While today’s report focuses on San Francisco’s lucrative but tenuous present, it also highlights the gaudy finances of the past two decades. The city’s gross domestic product has grown by more than $150 billion, and more than doubled, in the past 20 years. The city’s economy grew at a 7 percent annual clip between 2011 and 2021. In fiscal year 2002-03, the city received $3,003 in tax per resident (adjusted for 2022 dollars). And in fiscal year 2021-22, that total more than doubled to $6,838 per resident.
The business tax system San Francisco enacted since the turn of the century reflected this reliable spigot of money — and, increasingly, has left the city reliant upon it, and depending upon fewer and fewer sources.

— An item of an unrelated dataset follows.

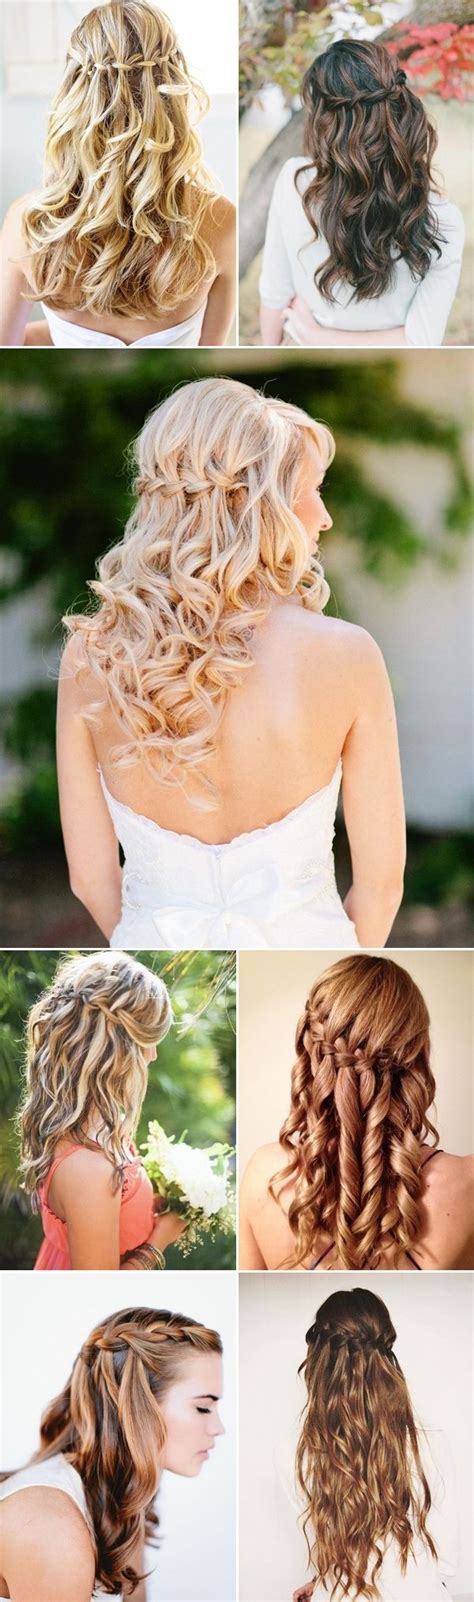 25 bridesmaids' half up hairstyles that inspire. 32 Overwhelming Bridesmaids Hairstyles - Pretty Designs

Today’s report found no evidence that the high taxes San Francisco now levies on top-dollar real-estate transactions and commercial rents are inhibiting sales or rentals — rather, you can chalk that up to larger, overarching societal factors. But, once those overarching societal factors work themselves out, commercial property values and rents will figure to be far less, and the city’s ability to tax them as a revenue source for housing, childcare, etc. will also diminish.
“I think we need to look at our local business taxes, plural, in light of a forever change in the business environment,” says Peskin. “We need to have an honest discussion about it and now is the time to do it.”